The third step of CRISP-DM is Data Preparation. For a dataset to be useful, it needs to be cleaned and transformed to a tabular form. The tabular form means that each row corresponds to exactly one observation. If our data is not in this shape, it cannot be used by most of the machine learning algorithms. Thus, we need to prepare the data such that it eventually can be converted to a matrix form and fed to a model.

Also, there could be different datasets that contain the needed information, and they may  not be homogenous. What this means is that we need to convert these datasets to some common format, which can be read by the model.

This step also includes Feature Engineering--the process of creating features that are most informative for the problem and describe the data in the best way.

Many data scientists say that they spend most of their time on this step when building Data Science applications. We will talk about this step in Chapter 2, Data Processing Toolbox and throughout the book.

The fourth step is Modeling. In this step, the data is already in the right shape and we feed it to different Machine Learning algorithms. This step also includes parameter tuning, feature selection, and selecting the best model.

Evaluation of the quality of the models from the machine learning point of view happens during this step. The most important thing to check is the ability to generalize, and this is typically done via cross validation. In this step, we also may want to go back to the previous step and do extra cleaning and feature engineering. The outcome is a model that is potentially useful for solving the problem defined in Step 1.

The fifth step is Evaluation. It includes evaluating the model from the business perspective--not from the machine learning perspective. This means that we need to perform a critical review of the results so far and plan the next steps. Does the model achieve what we want? Additionally, some of the findings may lead to reconsidering the initial question. After this step, we can go to the deployment step or re-iterate the process.

The, final, sixth step is Model Deployment. During this step, the produced model is added to the production, so the result is the model integrated to the live system. We will cover this step in Chapter 10Deploying Data Science Models.

Often, evaluation is hard because it is not always possible to say whether the model achieves the desired result or not. In these cases, the evaluation and deployment steps can be combined into one, the model is deployed and applied only to a part of users, and then the data for evaluating the model is collected. We will also briefly cover the ways of doing them, such as A/B testing and multi-armed bandits, in the last chapter of the book.

A running example

There will be many practical use cases throughout the book, sometimes a couple in each chapter. But we will also have a running example, building a search engine. This problem is interesting for a number of reasons:

  • It is fun
  • Business in almost any domain can benefit from a search engine
  • Many businesses already have text data; often it is not used effectively, and its use can be improved
  • Processing text requires a lot of effort, and it is useful to learn to do this effectively

We will try to keep it simple, yet, with this example, we will touch on all the technical parts of the data science process throughout the book:

  • Data Understanding: Which data can be useful for the problem?

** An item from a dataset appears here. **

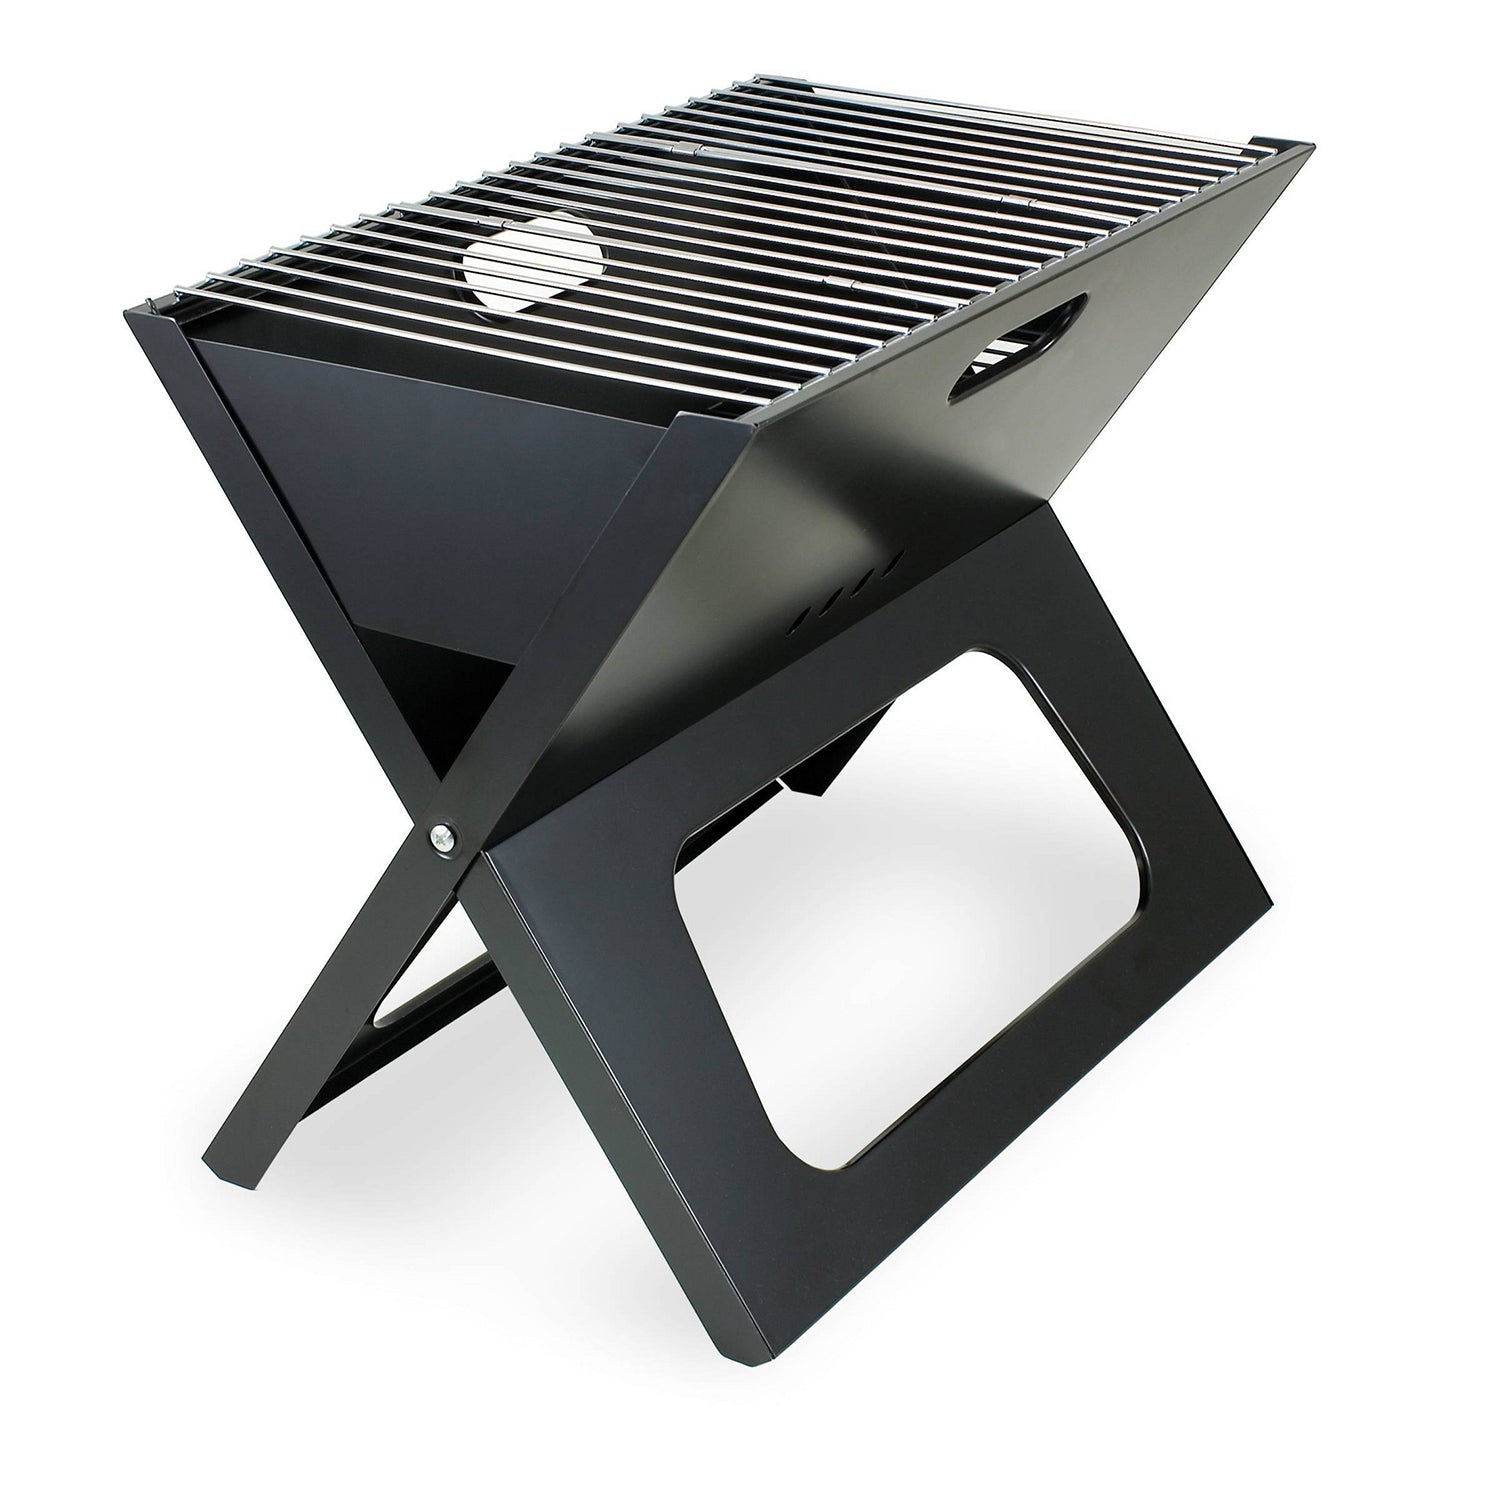 SUGIFT Portable Charcoal Grill in Black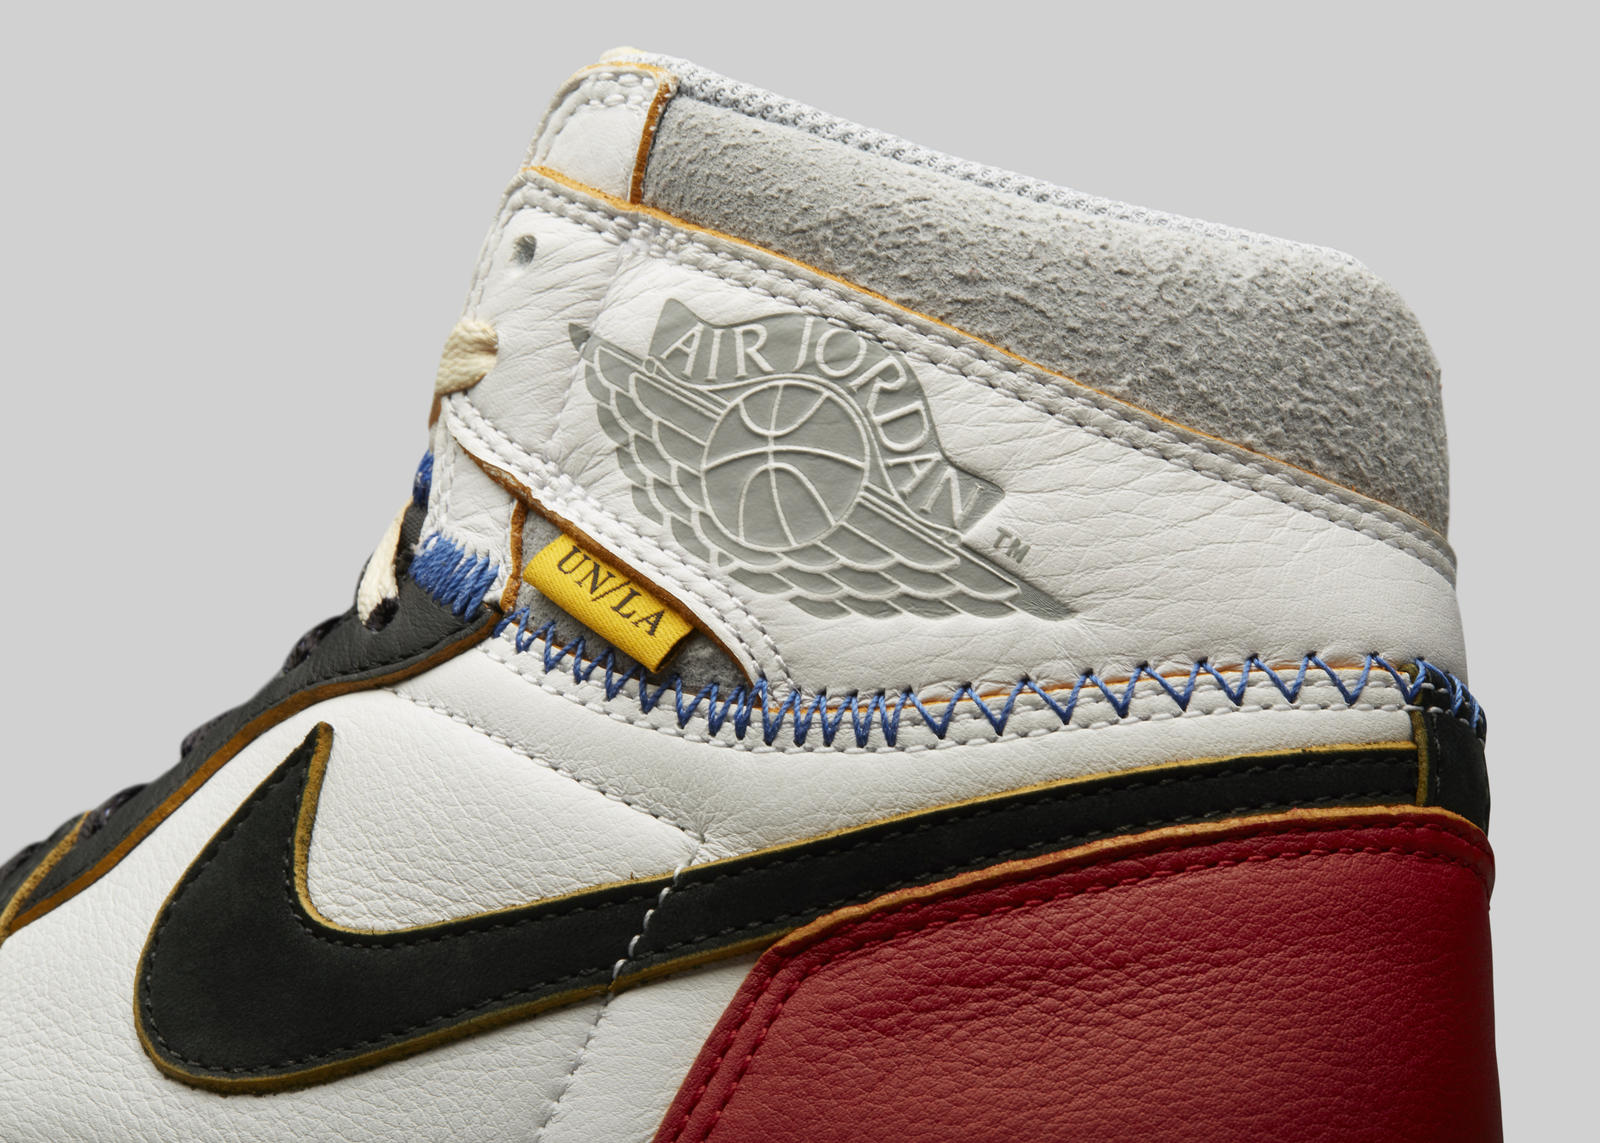 New Union LA x Air Jordan 1 High OG Rumored To Be Dropping

How can we obtain this data?
  • Data Preparation: Once the data is obtained, how can we process it? If it is HTML, how do we extract text from it? How do we extract individual sentences and words from the text?
  • Modeling: Ranking documents by their relevance with respect to a query is a data science problem and we will discuss how it can be approached.
  • Evaluation: The search engine can be tested to see if it is useful for solving the business problem or not.
  • Deployment: Finally, the engine can be deployed as a REST service or integrated directly to the live system.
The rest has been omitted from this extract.